Mais pour le moment je voudrais vous parler d'une autre pâte, celle dont on fait le papier, ce qui est assez "raccord" avec le billet du début du mois expliquant comment on fabrique les crayons.
La région d'Ambert était l'une des toutes premières à produire du papier en France dès le début du XIV° siècle. Dans un un hameau enfoui dans la verdure et dont certains bâtiments remontent au XV° siècle, j'ai eu l'occasion de visiter cet été le dernier témoin de ce que fut le berceau de la papeterie française.
Nous sommes dans la verdoyante vallée de Laga, fraiche en soirée même par temps de canicule. Le moulin Richard de Bas est le dernier moulin à papier d'Auvergne. C'est ce qu'on appelle un "musée vivant" parce qu'il est encore en pleine activité. Il emploie une dizaine de personnes à l'année, sans compter els saisonniers. On peut voir la feuille de papier naitre sous nos yeux, comme au premier temps de cette industrie, en 1326. On y produit encore aujourd'hui 200 feuilles par jour, destinées aux éditeurs, artistes et amoureux du beau papier.
Cette roue actionne "l’arbre à cames", dont la finalité est de produire un mouvement de va-et-vient à une, ou plusieurs masses. Cet arbre est un tronc de sapin d'une dizaine de mètres de longueur avec des cames rapportées, elles aussi en bois, qui sont régulièrement arrosées pour qu'elles ne se détachent pas. Ces morceaux de bois, en tournant, actionnent chacun une pile qui fonctionne comme un marteau et écrase le chiffon mélangé à l’eau.
Avec l'été et la récolte des fleurs dans les jardins, c'est le papier à inclusions florales qui s'impose, haut en couleurs et en diversité. Le papier à fleurs permet l'impression de poèmes, de faire-part, de menus à l'occasion de fêtes, mais aussi la réalisation d'abat-jour.

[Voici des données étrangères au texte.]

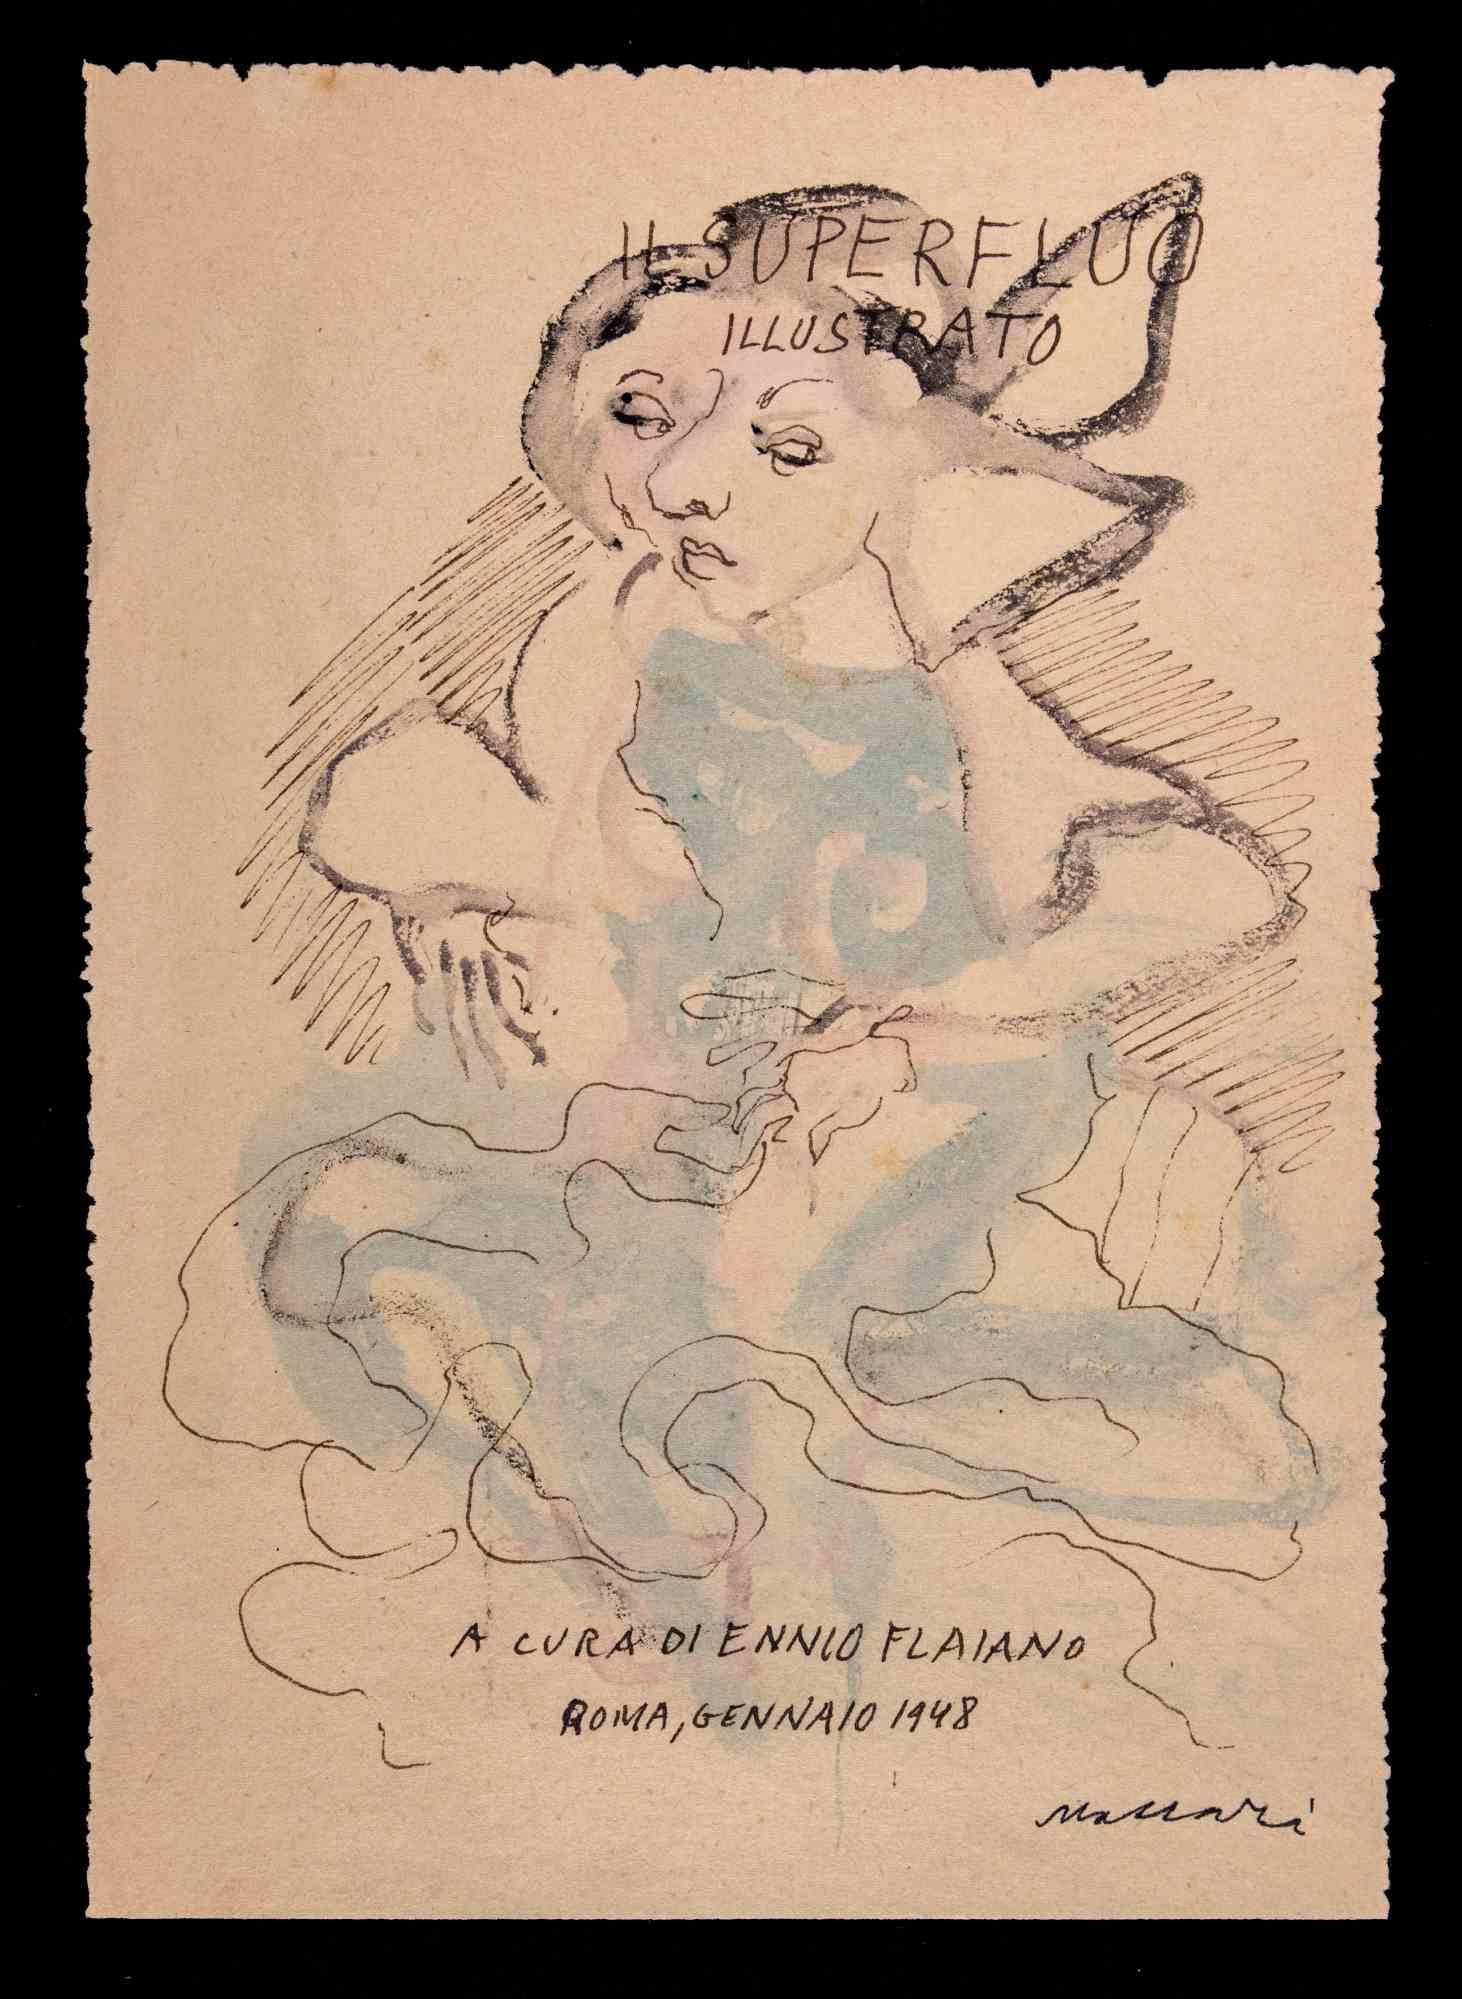  Mino Maccari Figurative Art - Superfluous - Cover for "Il Superfluo Illustrato"- Drawing by M. Maccari - 1948

Pendant les mois de juillet et août, si vous avez de la chance, les bouquetières disposeront devant vous les compositions florales sur les feuilles. La production n'excède alors pas une dizaine de feuilles par jour tant les créations requièrent minutie et délicatesse. Les compositions florales sont des oeuvres uniques destinées à l'encadrement telles quelles pour le plaisir des yeux. Marque-pages et cartes de correspondance sont également réalisées. Il peut y avoir parfois des ateliers de composition florale proposés aux visiteurs.
On peut acheter des feuilles vierges ou des reproductions à la fin de la visite, comme ce poème de Paul verlaine ou le Serment d'Hippocrate.

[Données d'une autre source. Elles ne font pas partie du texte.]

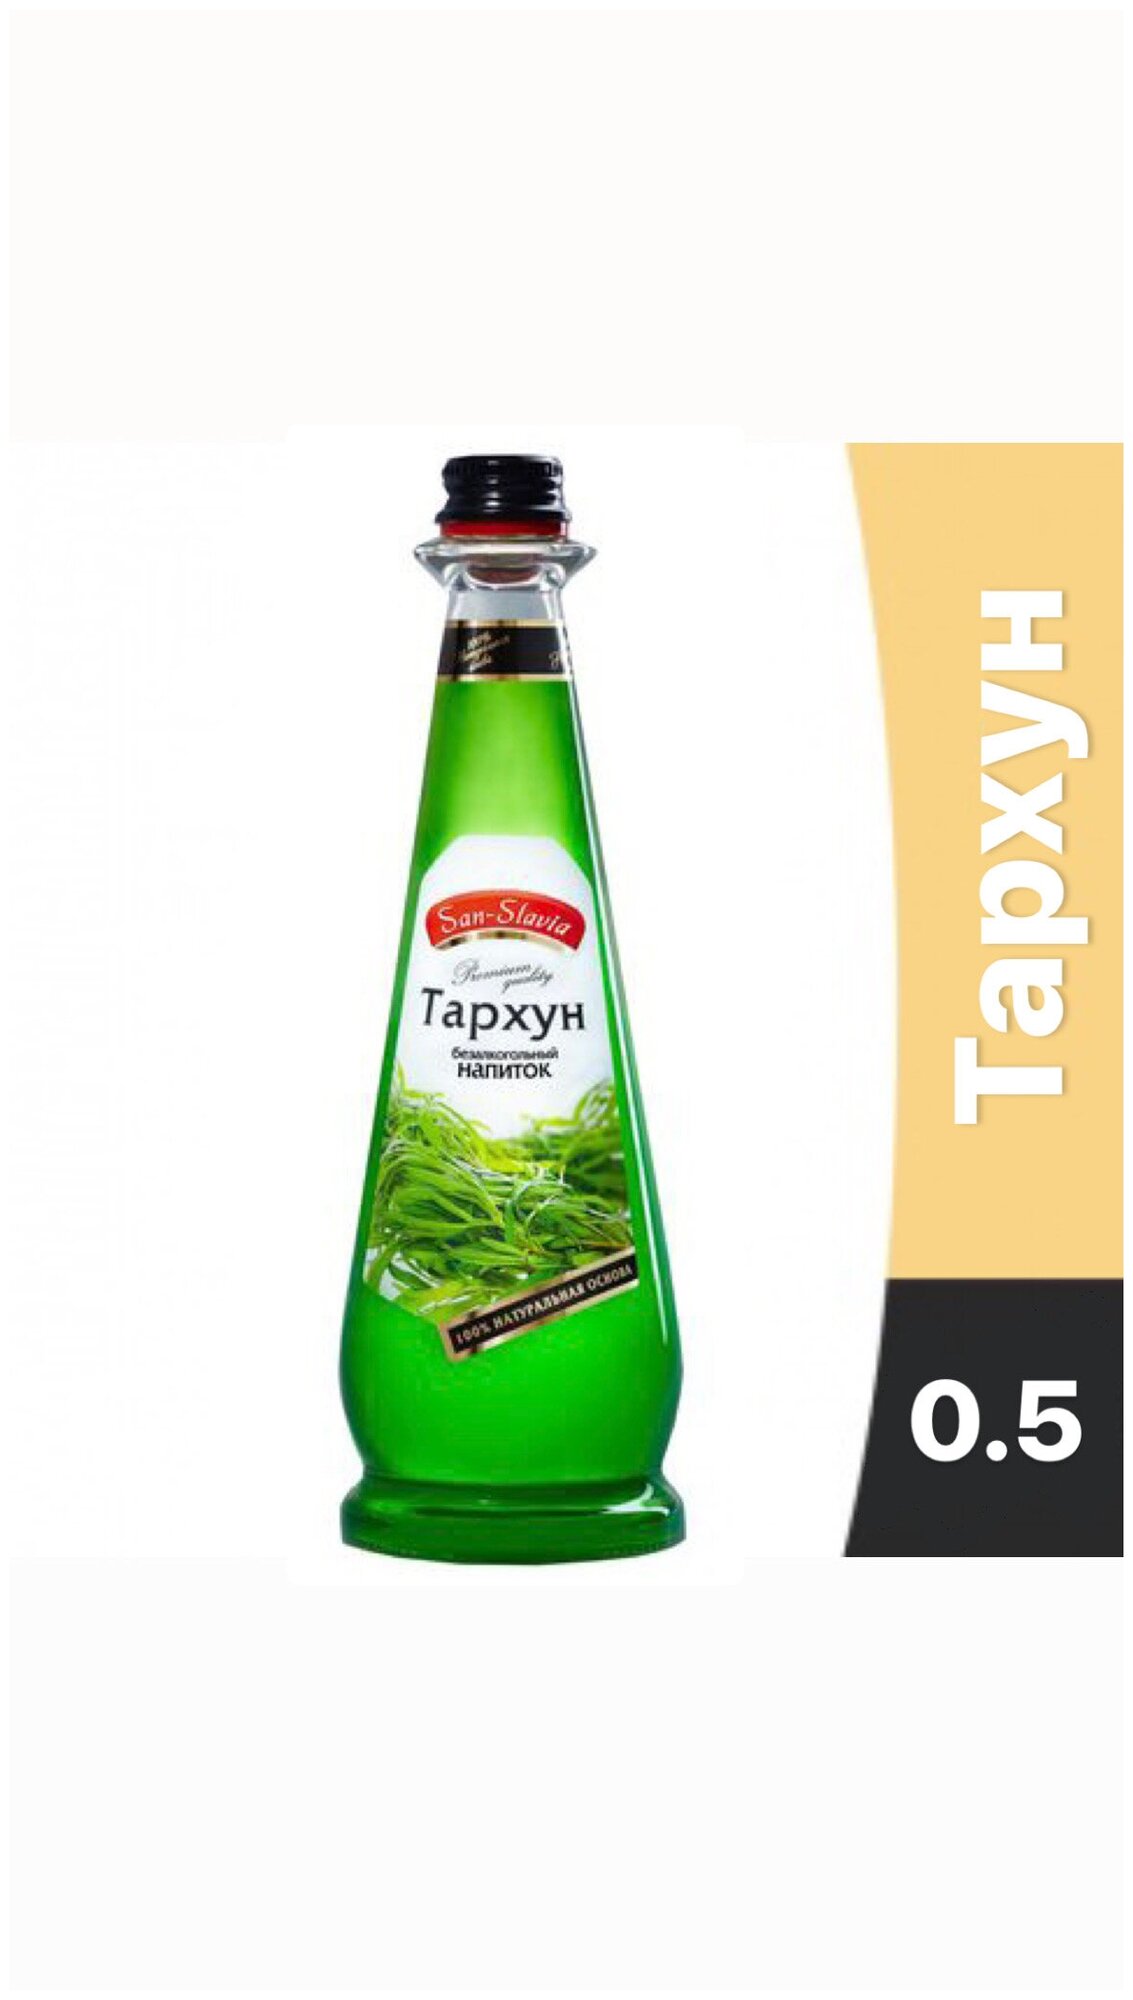 San-Slavia тархун безалкогольный напиток 0.5 12шт стекло - фотография № 1

Dans le passé la centaine de moulins de la région a contribué à fournir en papier l'Encyclopédie de Diderot et d'Alembert pendant plusieurs années au XVIII° pour le tirage des gravures.
Le papier du moulin Richard de Bas a également servie à l'exemplaire unique de la Constitution de la V° République Française de 19658, ou encore des diplômes de Prix Nobel, ainsi que bien d'autres éditions prestigieuses.
L'ancienne demeure du dernier maitre papetier ayant vécu au Moulin est également une visite intéressante, à laquelle je vous convierai dans quelques jours. A cette occasion vous voyagerez à travers les siècles et les continents pour connaitre l'histoire du papier inventé il y a pratiquement 2000 ans ... en Chine, ce qui en fait une invention récente en quelque sorte.